Coba, echado hacia atrás en su asiento, miraba al cielo raso (desdeñosamente, sin duda), la nuca apoyada en las manos y las piernas extendidas.
—¿Les parece que habría posibilidad de organizar algunas conferencias nocturnas para adultos, o bien algunos debates entre padres y adolescentes? —preguntó Joanna—. Podría utilizarse el salón de actos de una de las escuelas…
—¿Sobre qué tema? —preguntó Frank Roddenberry.
—Cualquiera, de interés general. El asunto de las drogas, por ejemplo, que nos concierne a todos, aunque la Crónica lo meta a escobazos debajo de la alfombra; la invasión de la música rock…, ¡qué sé yo!, cualquier cosa que haga salir a la gente de su encierro y la incite a escuchar lo que dice otra gente, y a dialogar con los demás.

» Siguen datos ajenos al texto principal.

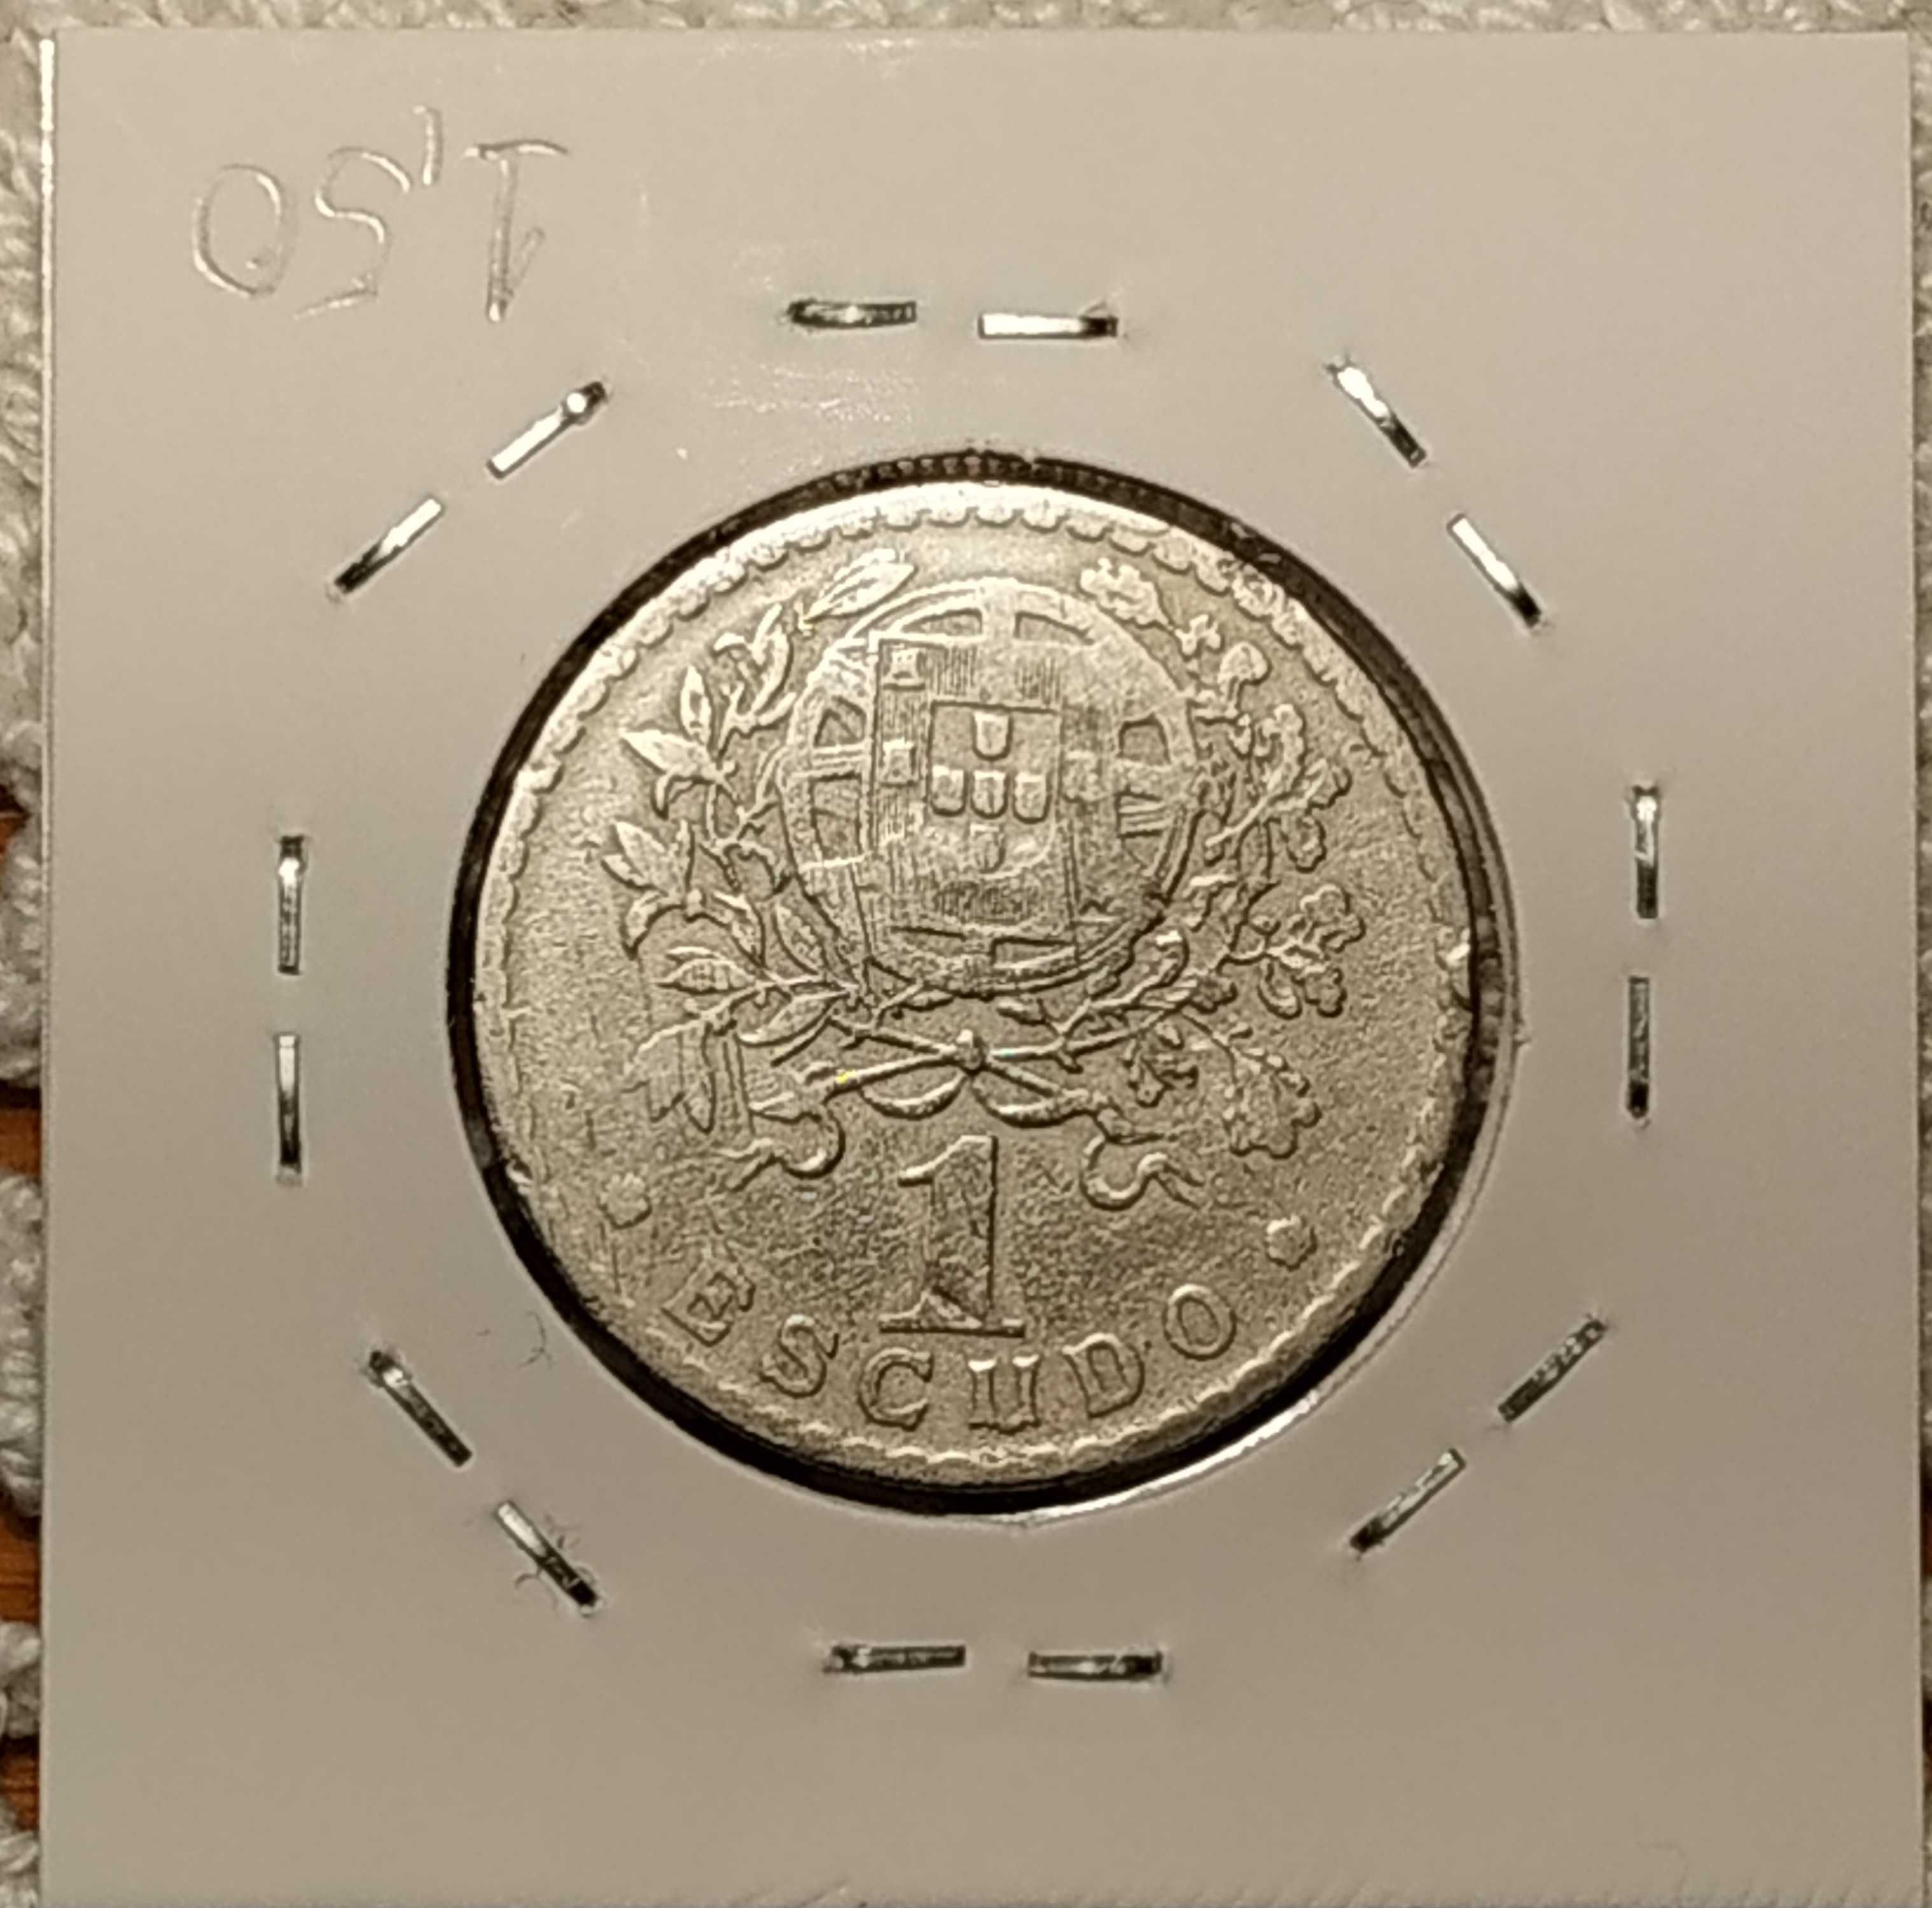 Portugal - moeda de 1 escudo de 1940

—Es interesante —dijo Claude Anselm, o Axhelm, inclinándose hacia delante, cruzando las piernas y rascándose la sien. Era delgado y rubio, le brillaban los ojos y nunca estaba quieto.
—Y puede ser que con esto se consiga sacar de su encierro aun a las mujeres —prosiguió Joanna—. Por si no lo saben, este pueblo es una zona de siniestro para las baby sitters.
Todos soltaron una carcajada, y ella se sintió satisfecha de sí misma y cómoda en su papel. Adelantó otros posibles temas de debate, a los que Walter, y después Herb Sundersen, añadieron unos pocos más. Se expusieron otras ideas para nuevos proyectos; Joanna participó en la discusión de todos, y los hombres (excepto el maldito Coba) le prestaron sostenida atención; Ike Mazzard, Frank, Walter, Claude, el mismo Herb, que ahora la miraba de frente, expresaban su asentimiento con cabezazos y de viva voz; o la interrogaban gravemente, y ella se sentía muy satisfecha de sí misma, ¡claro que sí!, respondiendo a sus preguntas con inteligencia y buen sentido. ¡Adelante, Gloria Steinem!
Advirtió, con sorpresa y azoramiento, que Ike Mazzard la estaba dibujando. Sentado en su silla (junto al perseverante contemplador del cielo raso, Dale Coba), picoteaba con un bolígrafo azul en una libreta, posada sobre su pulcra rodilla a rayas, mirando alternativamente a Joanna y a su obra de picoteo.
¡Ike Mazzard, dibujándola a ella!
Los hombres se habían quedado silenciosos. Miraban el interior de sus vasos, revolvían sus cubitos de hielo.
—¡Epa! —dijo Joanna, meneándose desasosegada pero sonriente—:¡Yo no soy una muchacha de Ike Mazzard!
—Toda muchacha es una muchacha de Ike Mazzard —contestó el hombrecito; le sonrió y sonrió a su obra de picoteo.